Supplied material:
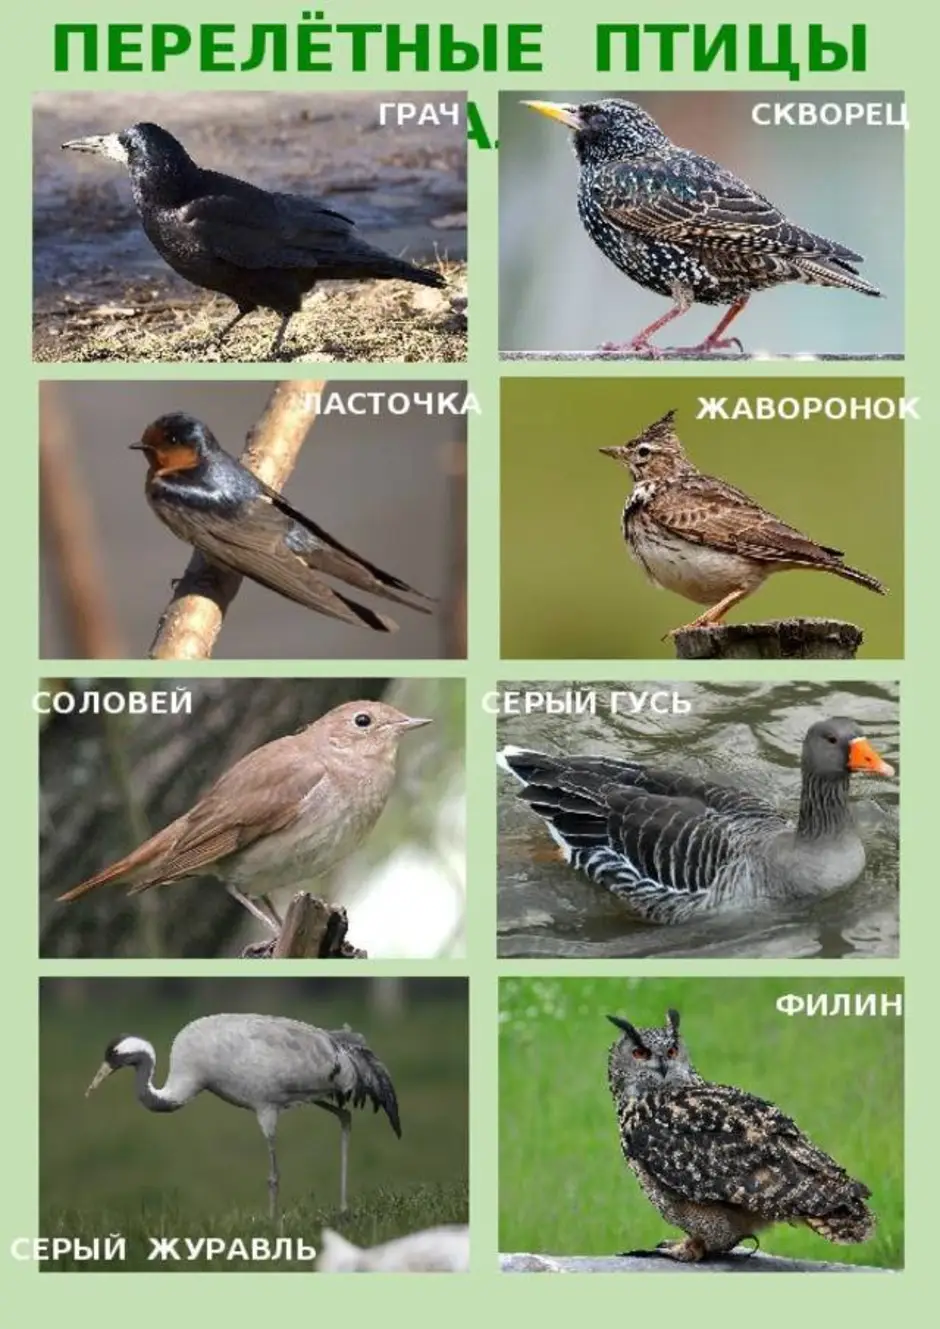 Птицы россии список
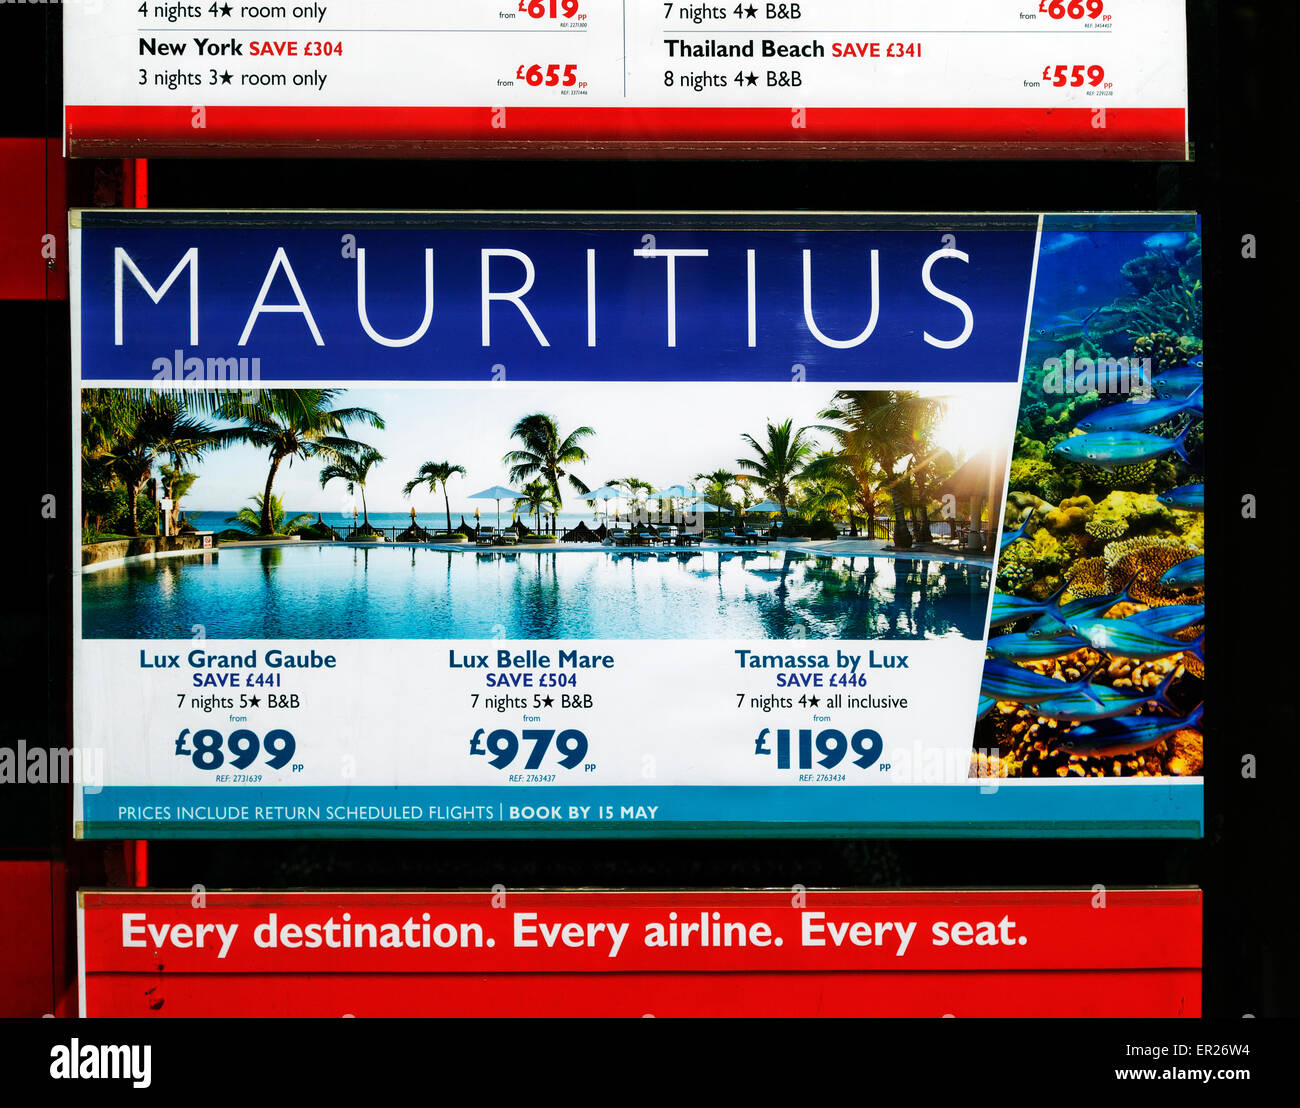 Mauritius offerte vacanze Agente di Viaggio della finestra, Baker Street, Marylebone, London, England, Regno Unito Foto Stock
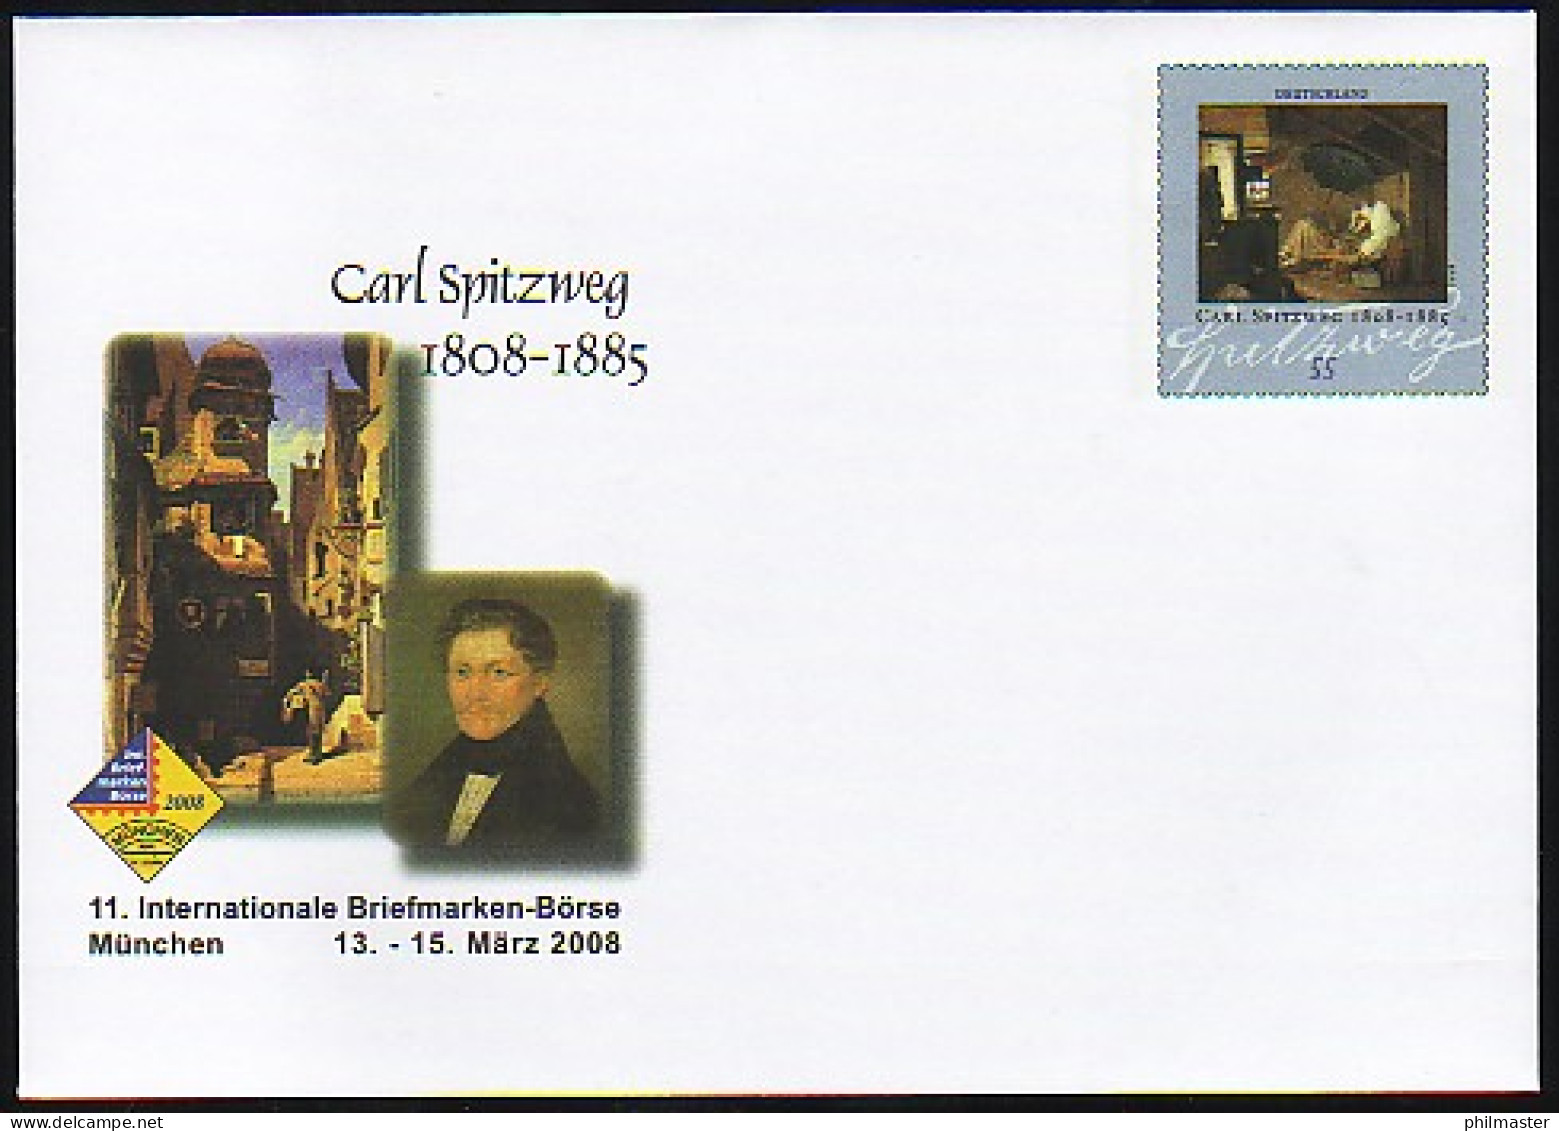 USo 146 Briefmarken-Börse München - Carl Spitzweg 2008, ** - Enveloppes - Neuves

How to complete this task:
Return the whole listing word for word. Pictures stay out of it.

Completed task:
 Птицы россии список
 Mauritius offerte vacanze Agente di Viaggio della finestra, Baker Street, Marylebone, London, England, Regno Unito Foto Stock
 USo 146 Briefmarken-Börse München - Carl Spitzweg 2008, ** - Enveloppes - Neuves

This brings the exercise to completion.